My mother gave my grandmother the steely-eye. “Yesterday you told me you got rid of the gun and all the bullets. You promised.”
“I was gonna suggest that she goes to Walmart,” Grandma said. “They got everything.”
I caught my mother glancing at the cupboard over the sink. She kept her hooch there, and she was probably weighing my opinion of her as an alcoholic against how bad she needed a drink. I love Grandma Mazur, but in all honesty, if I had to live with her I’d be taking a nip in the afternoon too.
“What kind of bad guys are you hunting down these days?” Grandma asked.
“No one special,” I said. “The usual suspects.”
“I heard you nabbed Billy Bacon but he got away,” Grandma said.
I nodded. “We had him in custody but there was an incident.”

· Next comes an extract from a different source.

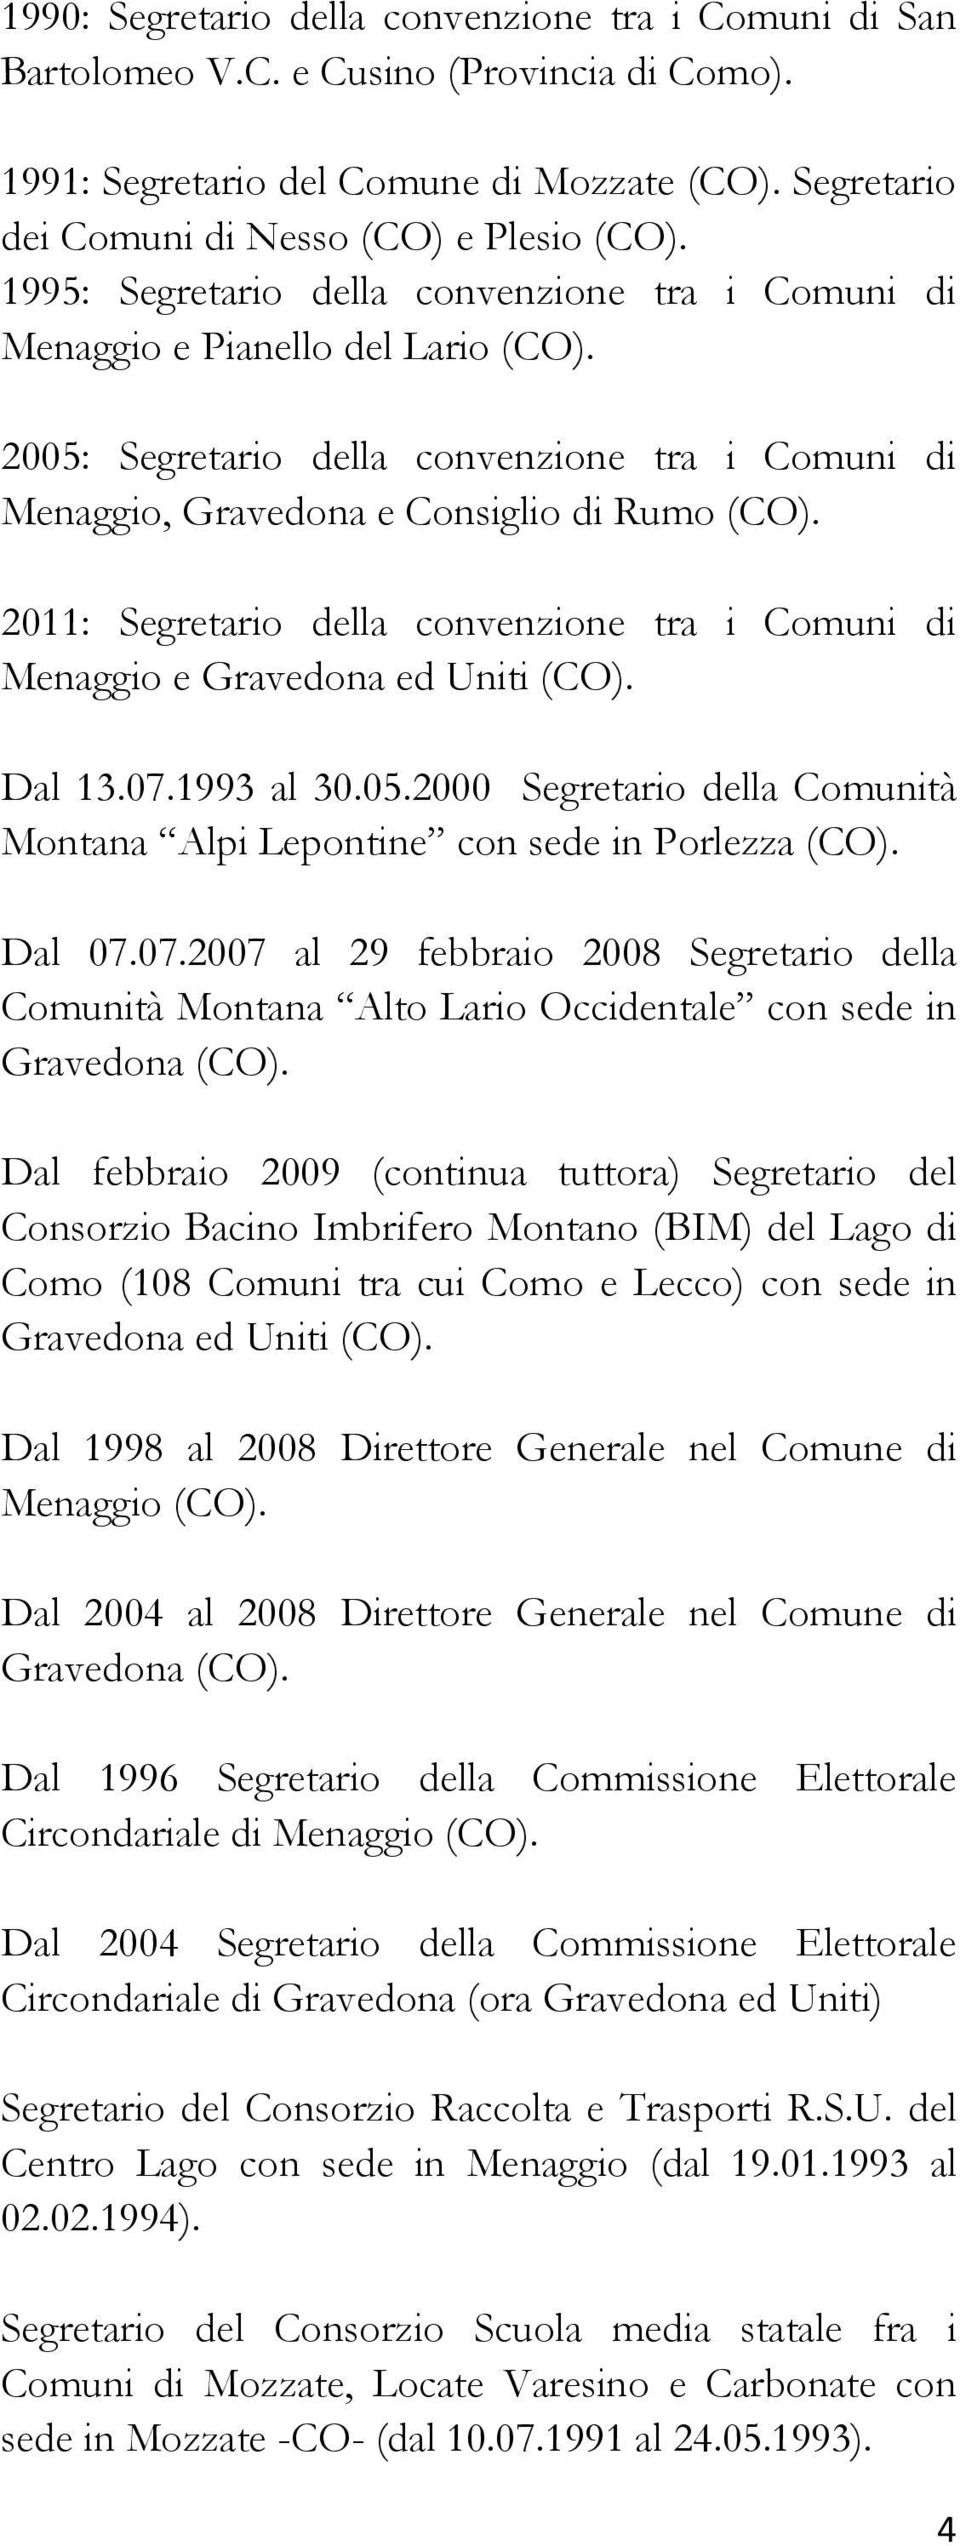 2011: Segretario della convenzione tra i Comuni di Menaggio e Gravedona ed Uniti (CO). Dal 13.07.1993 al 30.05.2000 Segretario della Comunità Montana Alpi Lepontine con sede in Porlezza (CO). Dal 07.
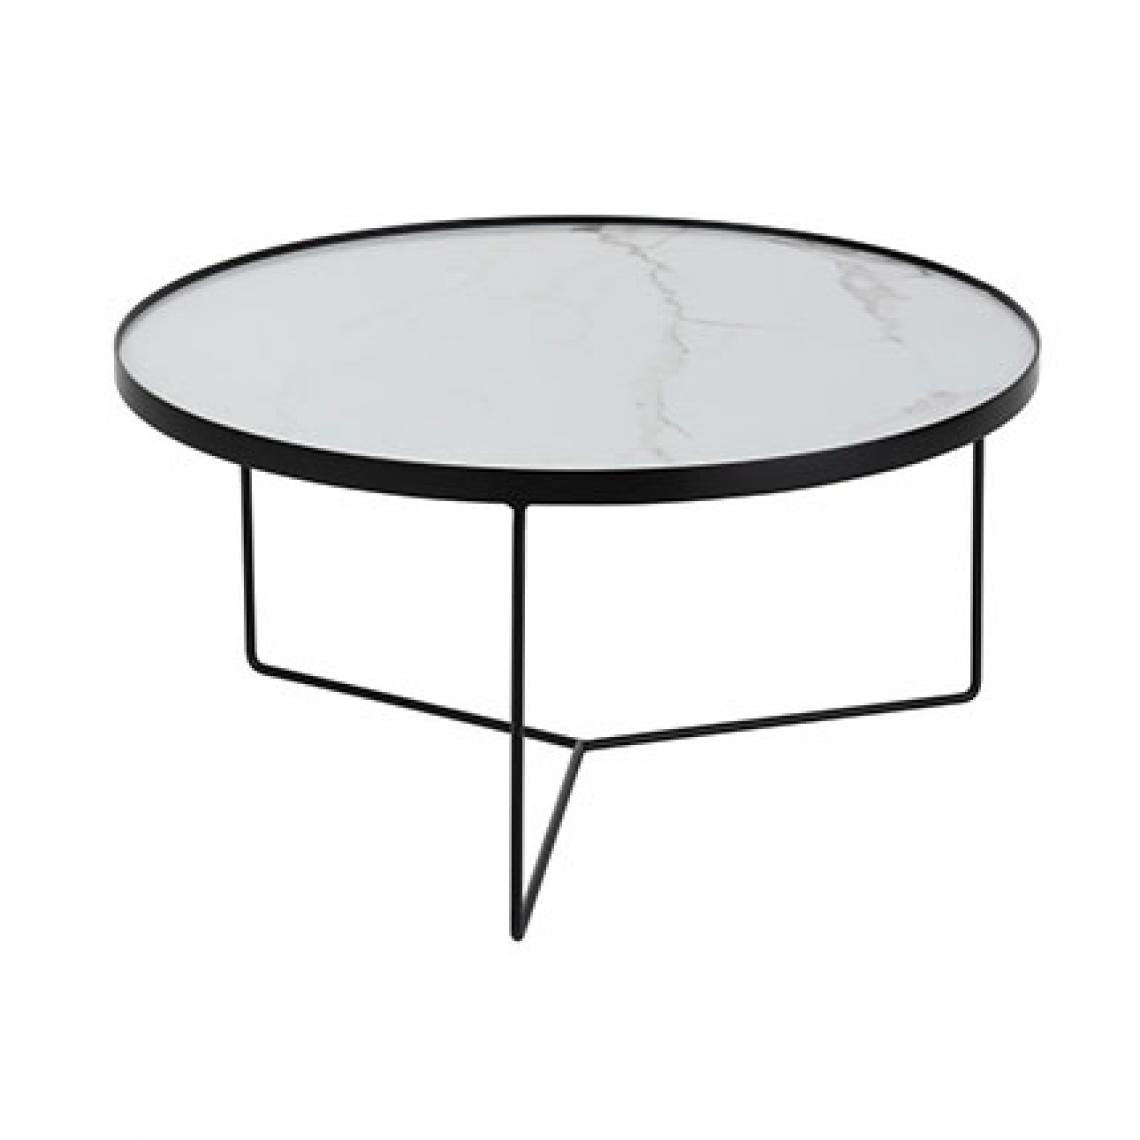 HELLIN - Table basse ronde 80 cm en bois blanc et métal - Tables à manger

My mother snapped to attention. “What incident? I didn’t hear about an incident.”
“It involved Lula,” I said. “I was getting lunch for all of us and Lula and Billy Bacon got carjacked.”
“Oh my God,” my mother said, and immediately made the sign of the cross. “Where did this happen? It was in a bad neighborhood, wasn’t it? You’re always in a bad neighborhood. I don’t know why you can’t find a nice normal job.”
“I sort of like my job,” I said. “I have a lot of personal freedom, and I don’t have to get dressed up.”
“You make no money, and you’re always dealing with criminals,” my mother said. “It’s a terrible job. You should quit and marry Joseph.”